- Native name: 王充一
- Church: Catholic Church
- Archdiocese: Archdiocese of Guiyang
- In office: 4 December 1988 – 8 September 2014
- Predecessor: Augustine Hu Daguo
- Successor: Paul Xiao Zejiang

Orders
- Ordination: October 1949
- Consecration: 4 December 1988 by Joseph Zong Huaide

Personal details
- Born: 26 October 1919 Huangguoshu Town [zh], Zhenning County, Kweichow, Republic of China
- Died: 20 April 2017 (aged 97)

= Anicetus Andrew Wang Chong-yi =

Anicetus Andrew Wang Chong-yi (26 October 1919 – 20 April 2017) was a Chinese Roman Catholic bishop.
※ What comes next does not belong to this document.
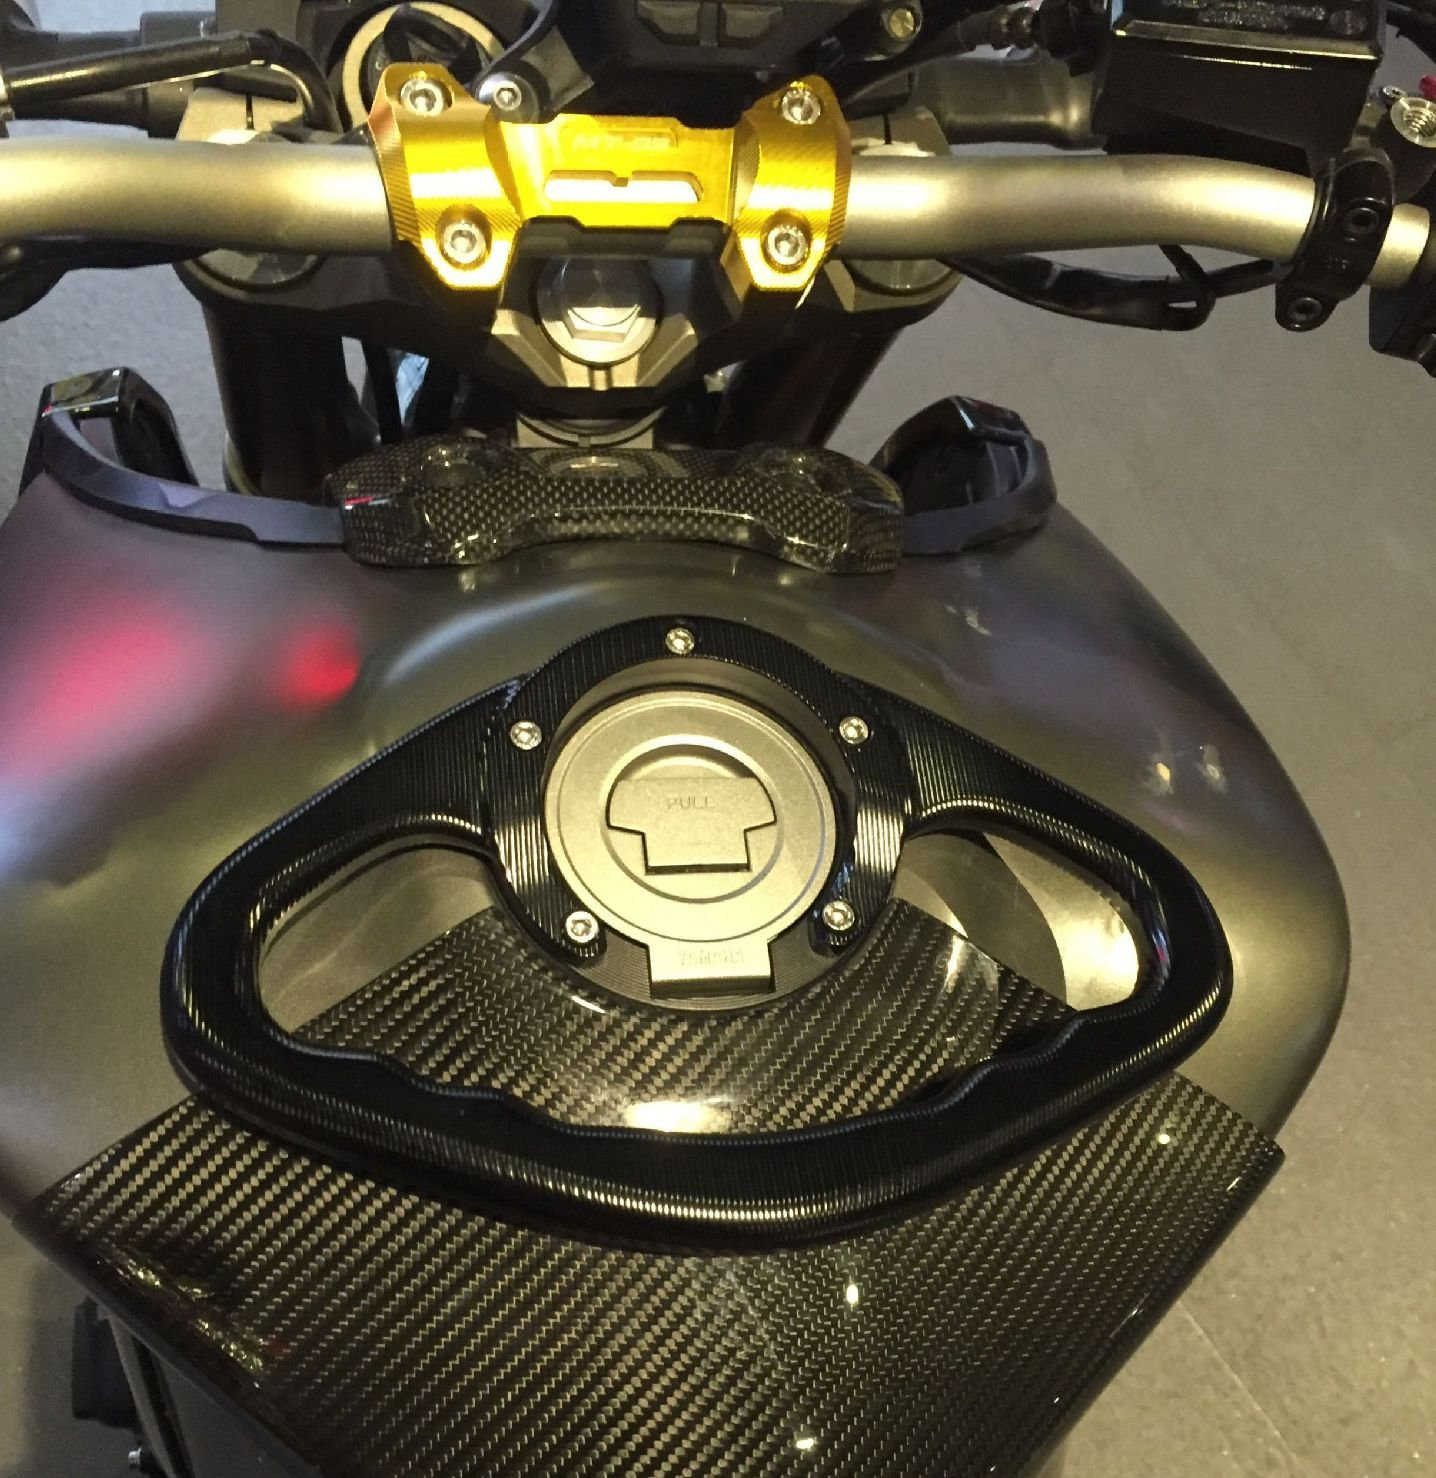 Ocamo Passager Poign/ée R/éservoir Barre dappui Poign/ées Accoudoir pour Yamaha FZ1/FZ6/FZ8/XJ6

He came from a Catholic family and attended the boys' seminary of Guiyang, the capital of Ghizhou Province in southwestern China, and entered the Saint Paul seminary.

Ordained priest on October 24, 1949, Wang Chong-yi worked in pastoral care in Meitan and Zunyi. Much later he was arrested during the Cultural Revolution and sentenced to nine years of forced labor in a forced labor camp. Only in 1979 he was allowed to work again as a pastor. Wang Chong-yi served as archbishop of the Archdiocese of Guiyang, China, for the Chinese Patriotic Catholic Association from 1988 until 2014.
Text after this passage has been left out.